■ WHAT TO PRODUCE:
Reproduce the listing below as it stands. Leave out each image.

■ MATERIAL PROVIDED:
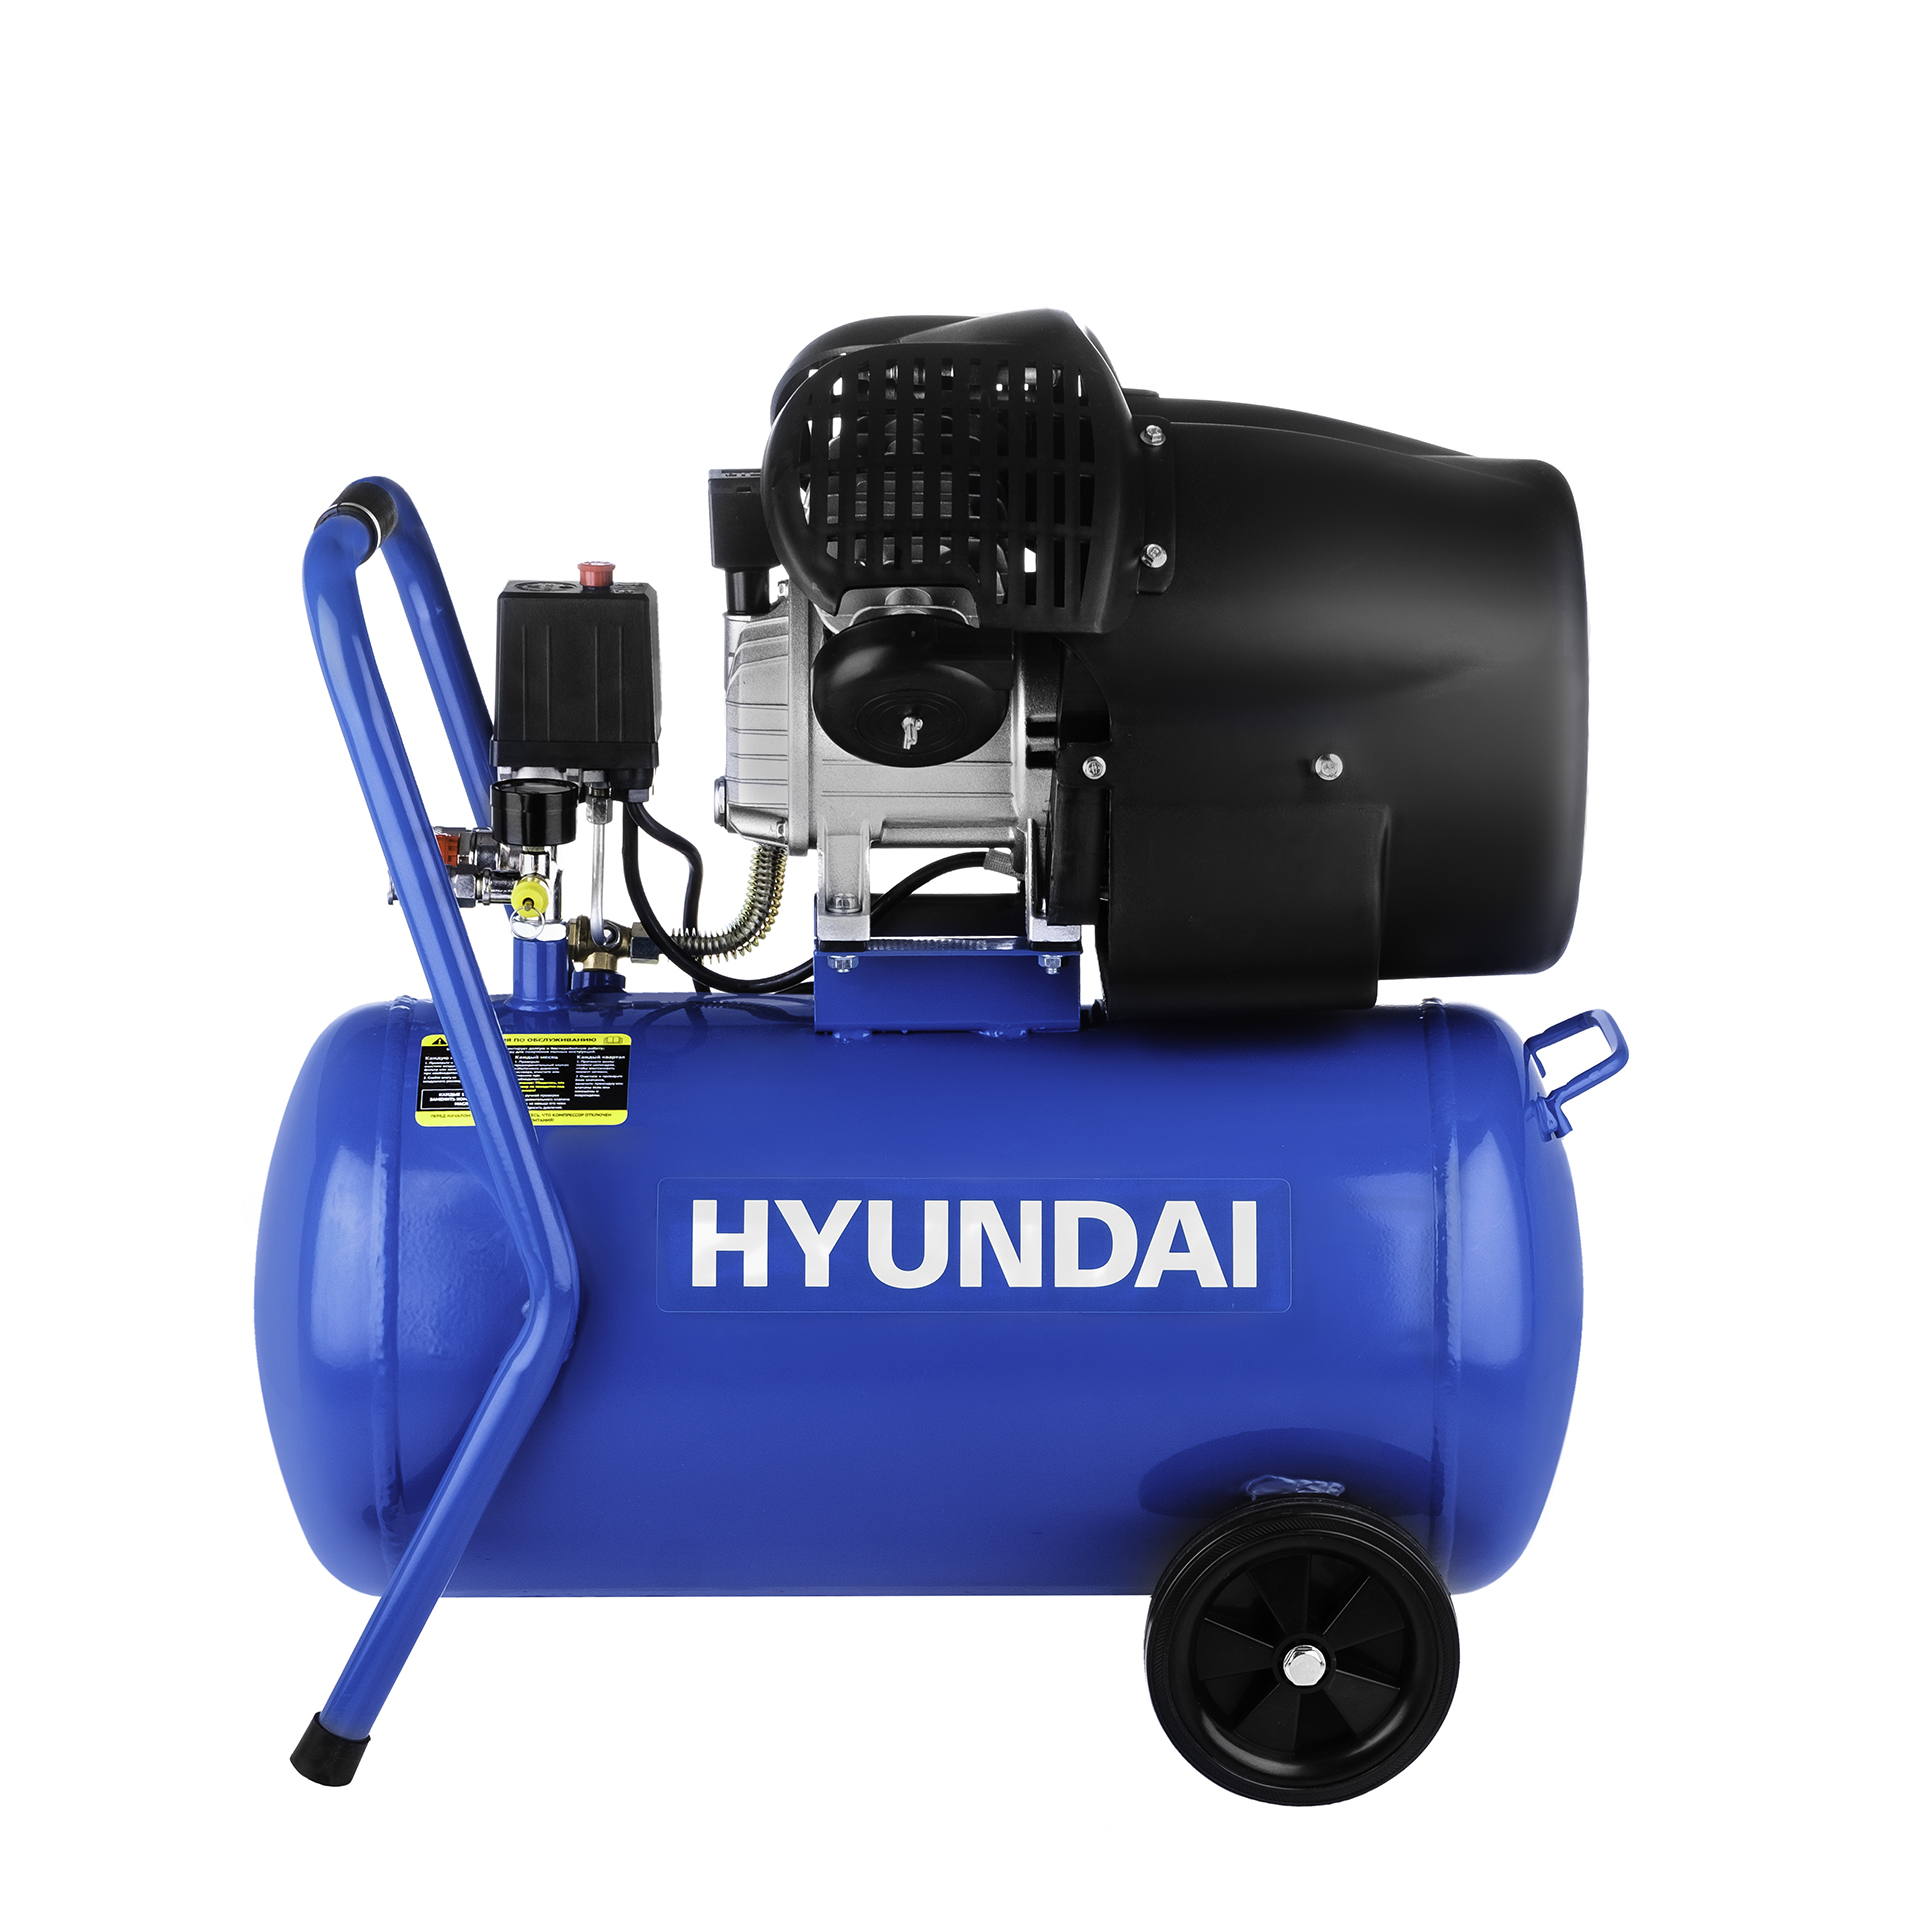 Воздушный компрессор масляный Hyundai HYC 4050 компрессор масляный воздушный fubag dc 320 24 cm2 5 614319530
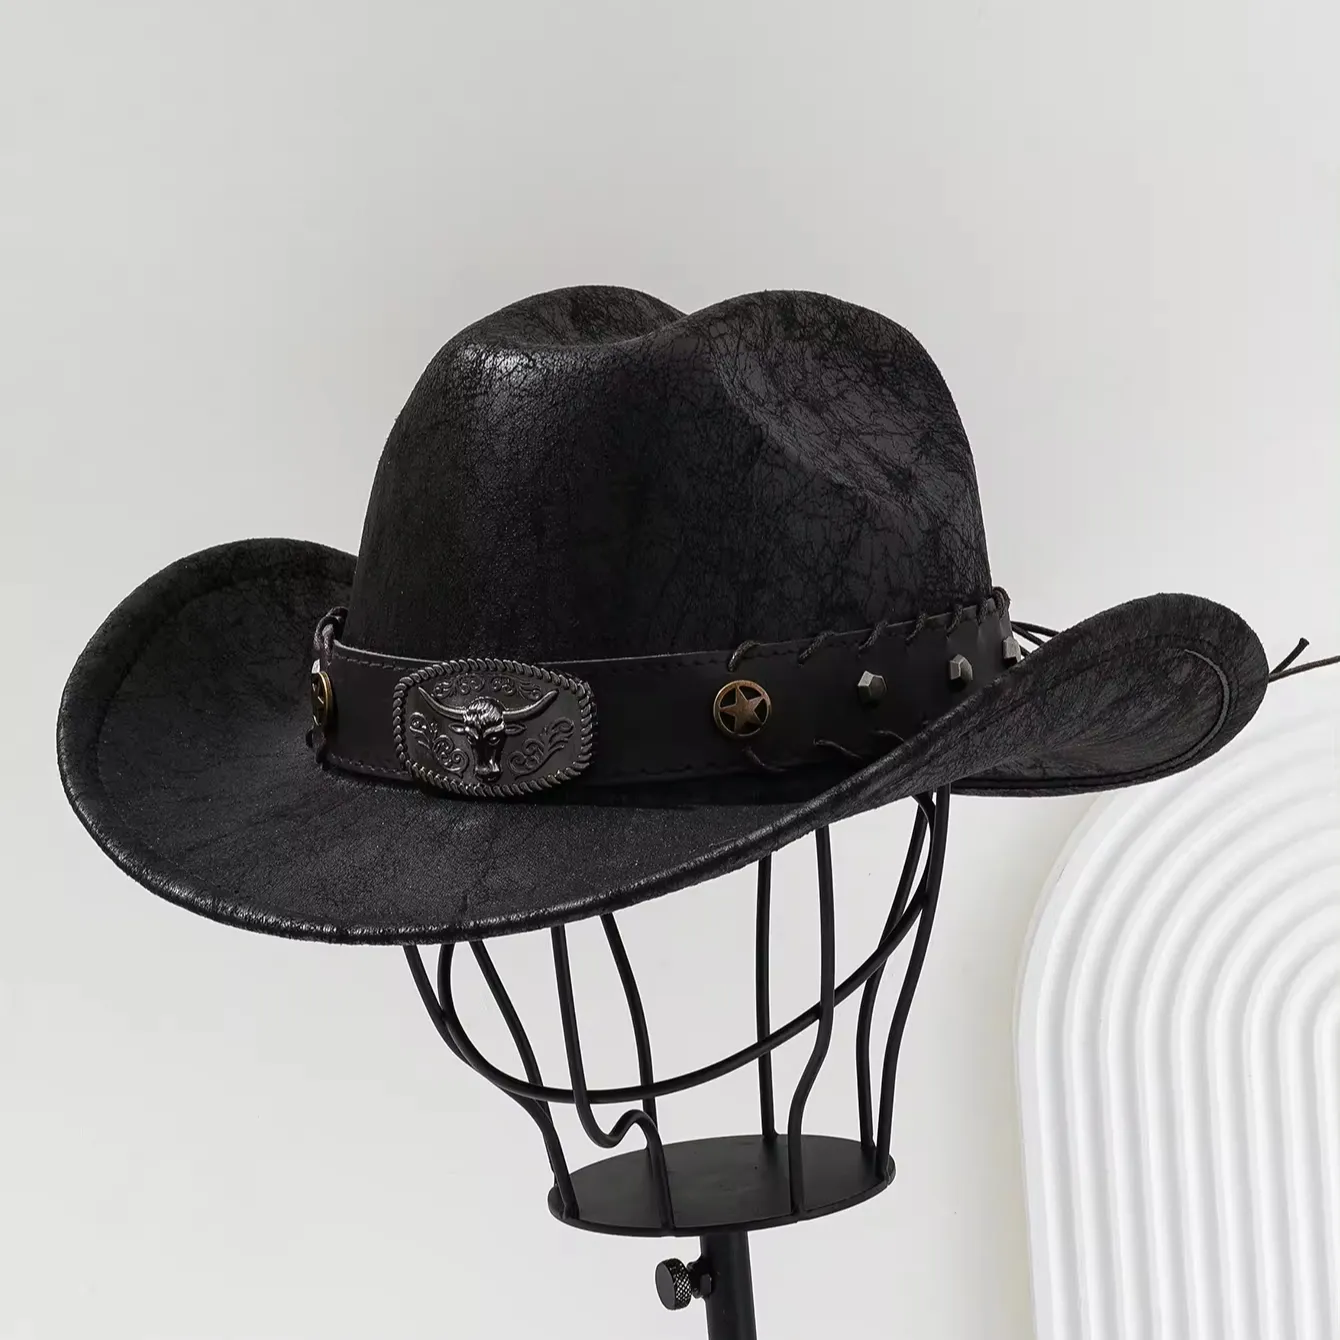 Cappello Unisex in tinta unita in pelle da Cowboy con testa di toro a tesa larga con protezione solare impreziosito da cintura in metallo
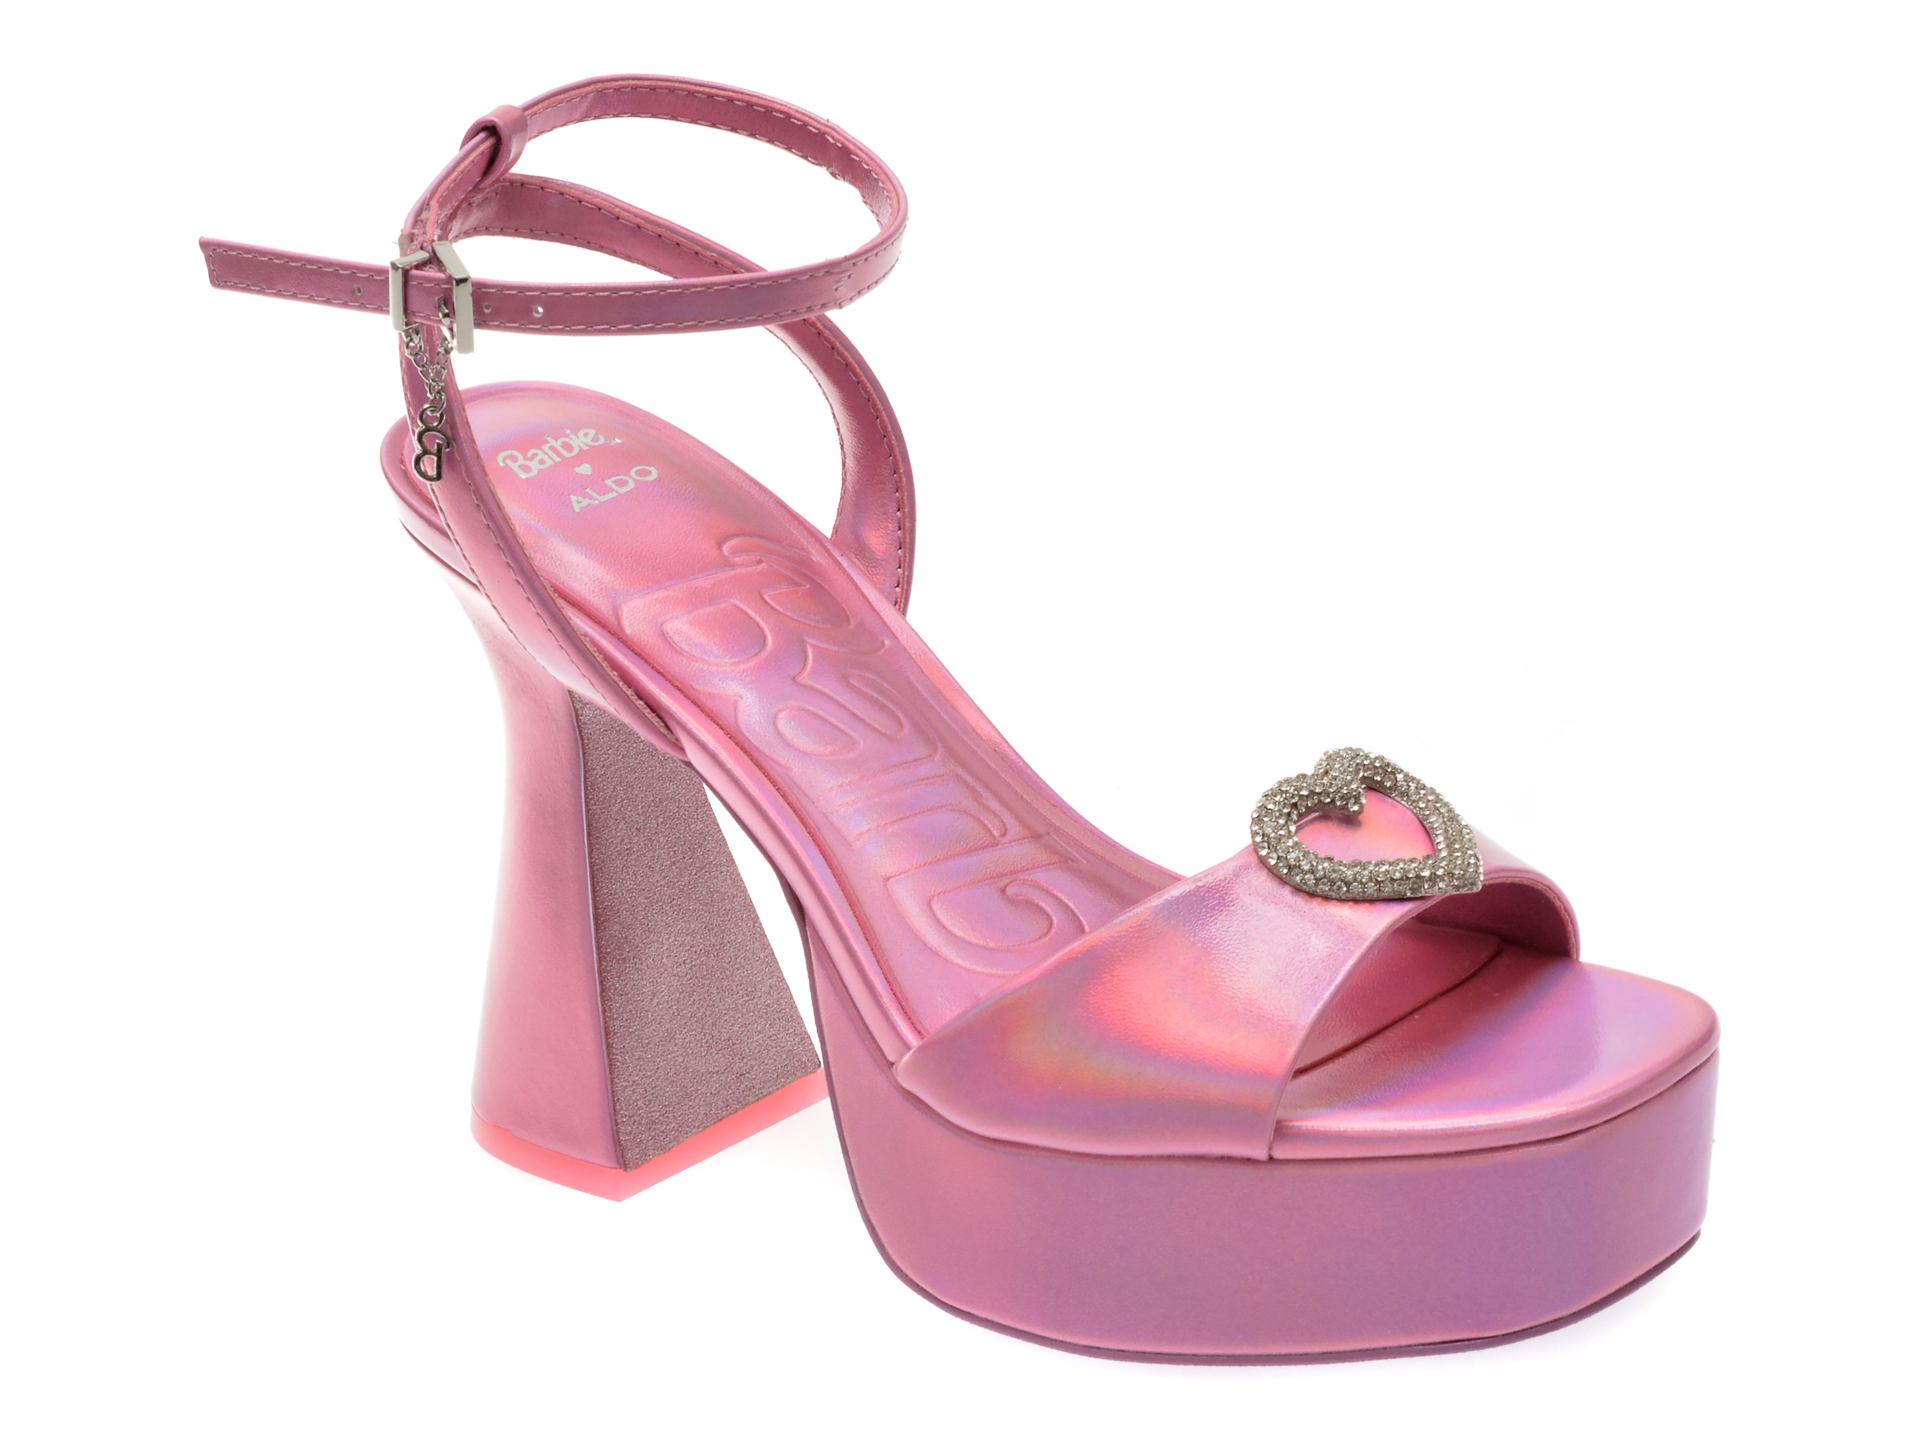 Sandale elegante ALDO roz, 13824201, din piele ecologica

■ FINISHED EXERCISE:
 Воздушный компрессор масляный Hyundai HYC 4050 компрессор масляный воздушный fubag dc 320 24 cm2 5 614319530
 Cappello Unisex in tinta unita in pelle da Cowboy con testa di toro a tesa larga con protezione solare impreziosito da cintura in metallo
 Sandale elegante ALDO roz, 13824201, din piele ecologica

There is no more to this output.